Although many jazz styles continued to coexist, the 1950s brought in the development of cool jazz epitomized, by trumpeter Miles Davis, and the genesis of free jazz, first associated with saxophonist Ornette Coleman. In the 1960s and 1970s, many jazz musicians returned to the roots of jazz and began performing styles known as jazz funk and gospel jazz. During the 1980s and 1990s, electric jazz and jazz/rock fusion became popular with musicians such as bassist Stanley Clarke, saxophonist Grover Washington Jr., and pianist Herbie Hancock. The catch-all term contemporary jazz includes many new styles that are being developed currently. Latin jazz/Cuban jazz has also developed as a distinct style with such artists as drummer Poncho Sanchez and pianist Chucho Valdez.
While the many styles of jazz reflect the lifestyles and culture of African Americans during the various historical periods, jazz can categorically be described as music having a) a vitality, originality and spontaneity in which improvisation is an essential element; b) a distinctive relationship to time in which the music is played a little ahead of, or a little behind, the main beats, referred to as “swing” and enhanced with syncopation; and c) pitch and tonal inflections along with phrasing that reflect the creativity and musicianship of the performer. These characteristics are present in varying degrees in the wide range of jazz styles and various stages of jazz development.

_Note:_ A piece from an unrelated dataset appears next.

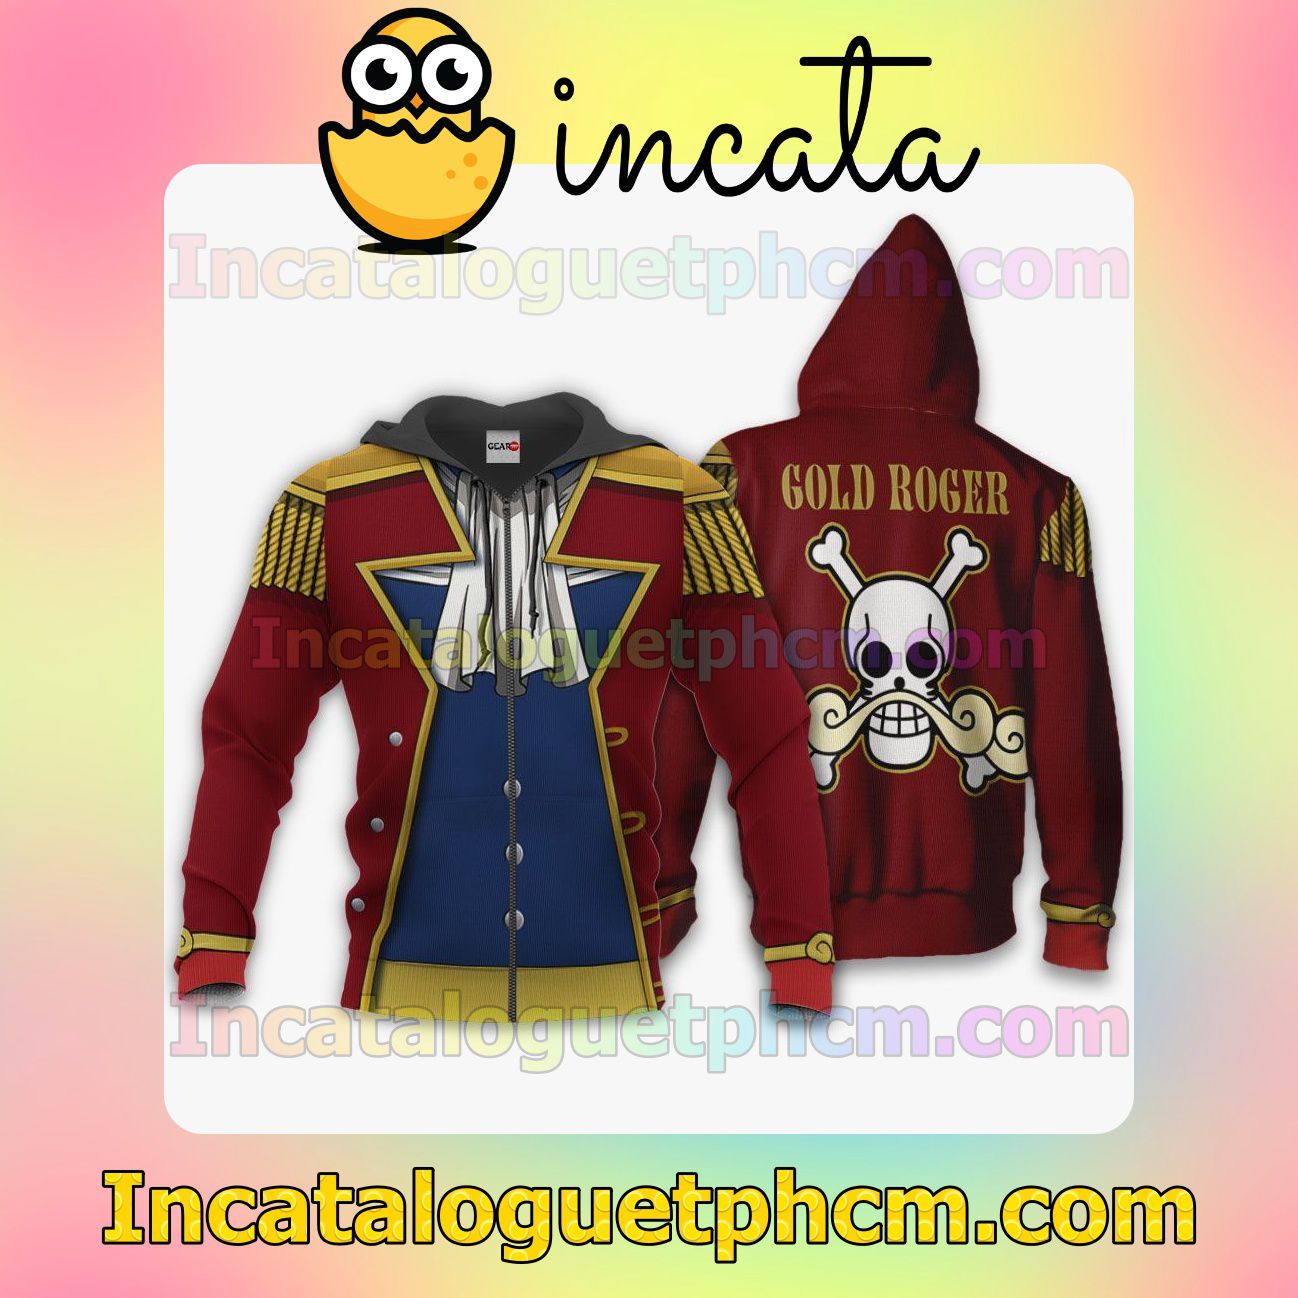 One Piece Gol D. Roger Costume Anime Clothing Merch Zip Hoodie Jacket Shirts

Jazz is still the most recognizable and most highly influential music in the world today. As an artistic and cultural tradition, jazz reveals the “soul” of African Americans and in all of its manifestations captures the “spirit” of life in America.
- Conyers, James L., Jr. (Ed.). (2001). African American Jazz and Rap: Social and Philosophical Examination of Black Expressive Behavior. Jefferson, NC: MacFarland. Relates music to social and political consciousness.
- Martin, Henry. (1986). Enjoying Jazz. New York: Schirmer. Gives a brief survey of various jazz styles.
- Megill, Donald D., & Demoy, Richard S. (2004). Introduction to Jazz History. Upper Saddle River, NJ: Prentice Hall. Highlights some musicians and jazz styles.
- Ramsey, Guthrie P., Jr. (2003). Race Music: Black Cultures from Bebop to Hip-Hop. Berkeley: University of California Press. Provides contemporary comments on social realities in relation to jazz.